Cardinal Stritch announced the return of its football program in April 2025 and that they'd be joining the N8FC after having cancelled two of its previous three seasons due to low participation.

Kennedy Catholic of Hermitage, Pennsylvania was officially accepted into the league in November 2025 along with Windham. The Eagles played an 8-man schedule with N8FC opponents in 2025 but didn't officially join the league until the 2026 season. Windham chose the 8-man route after seeing dwindling enrollment and roster numbers for the past few seasons.

Stryker announced in July 2026 that they would depart from the N8FC after the 2026 season to join a new Michigan-based conference. This decision, according to the Stryker Board of Education, was made to reduce travel costs, shorten travel times, and ensure greater conference stability.

After just one season in the league, Cardinal Stritch canceled their football season due to low student participation, and lack of volunteers to support a 2026 season, effectively suspending their membership in the conference. The Cardinals have only played two seasons since 2021, with their 2022 and 2024 seasons both canceled due to low numbers, which prompted the Cardinals to join the N8FC originally. Plymouth joined the conference in August 2026 to replace Cardinal Stritch, after announcing they would become an 8-man football team for the 2026 season.

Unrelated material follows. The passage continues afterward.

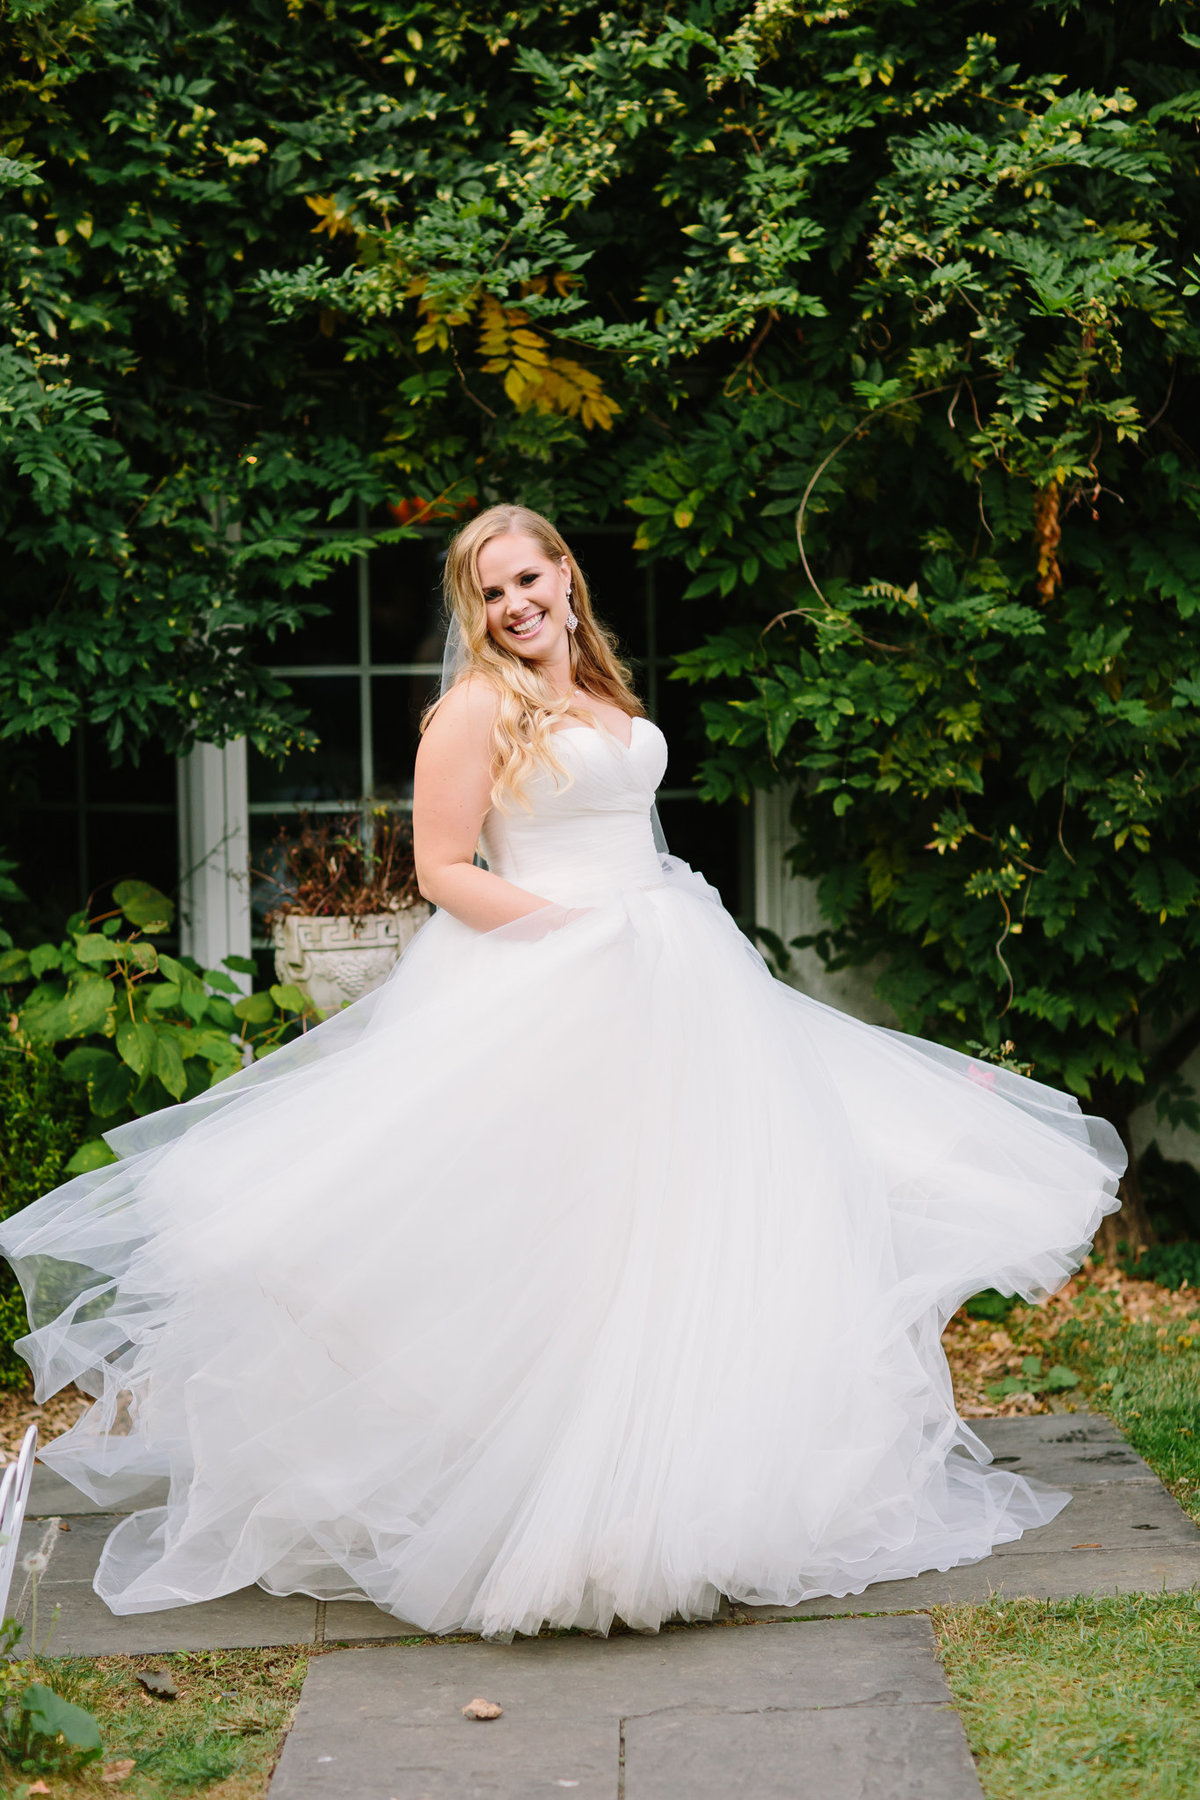 Beautiful bride twirling in princess dress

The league is actively looking for more schools to commit to a two-year membership. They have not set a definite number of schools to be members.

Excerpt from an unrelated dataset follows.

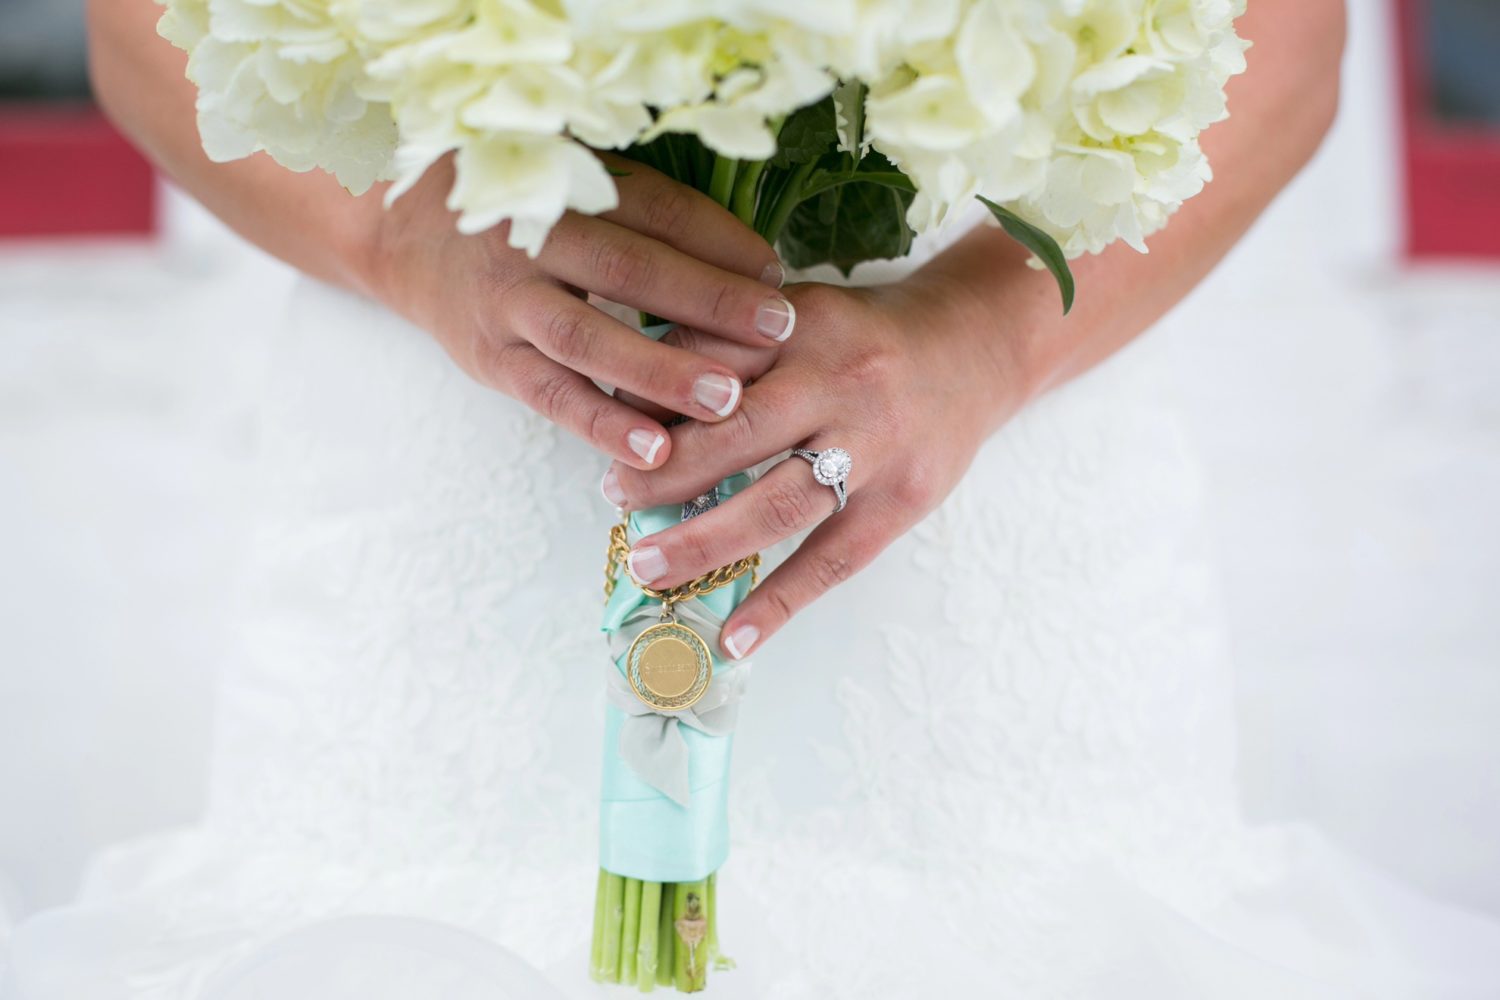 ivory bridal bouquet

== Conference championship history ==

| Year | School | Location | Nickname | Conference Record | Overall Record |
|---|---|---|---|---|---|
| 2025 | St. Mary Central Catholic/St. Joseph Central Catholic/Chalker | Sandusky/Fremont/Southington | Panthers/Crimson Streaks/Wildcats | 6-1 | 9-1/7-3/8-1 |
| 2024 | Toledo Christian | Toledo | Eagles | 9-0 | 11-0 |
| 2023 | Toledo Christian | Toledo | Eagles | 5-0 | 8-1 |
| 2022 | Toledo Christian | Toledo | Eagles | 6-1 | 9-2 |
| 2021 | Toledo Christian | Toledo | Eagles | 4-0 | 8-1 |
| 2020 | Danbury | Lakeside | Lakers | 3-0 | 8-0 |

== 8-man state championship history ==

| Date | Winning team | Losing team | Winning team Score | Losing team Score | Location | Notes |
|---|---|---|---|---|---|---|
| November 4, 2023 | Toledo Christian Eagles | Holgate Tigers | 46 | 6 | Rex Lingruen Stadium, Liberty Center, OH | First ever Championship game. |
| November 16, 2024 | Toledo Christian Eagles | St. Mary Central Catholic Panthers | 24 | 0 | Don Paul Stadium, Fremont, OH |  |
| November 8, 2025 | St. Mary Central Catholic Panthers | Chalker Wildcats | 34 | 20 | Leetonia Bears Stadium, Leetonia, OH | First game hosted in Eastern Ohio. |
| November 7, 2026 | TBA | TBA |  |  | Wentling Field Carey, Ohio |  |

8-man championship appearances by team

| Team | Wins | Loses | Seasons |
|---|---|---|---|
| Toledo Christian Eagles | 2 | 0 | 2023, 2024 |
| St. Mary Central Catholic Panthers | 1 | 1 | 2024, 2025 |
| Chalker Wildcats | 0 | 1 | 2025 |
| Holgate Tigers | 0 | 1 | 2023 |
| Danbury Lakers | 0 | 0 |  |
| Sebring Trojans | 0 | 0 |  |
| Cardinal Stritch Cardinals | 0 | 0 |  |
| Stryker Panthers | 0 | 0 |  |
| Windham Bombers | 0 | 0 |  |
| Kennedy Catholic Eagles | 0 | 0 |  |

Bold denotes years team won championship.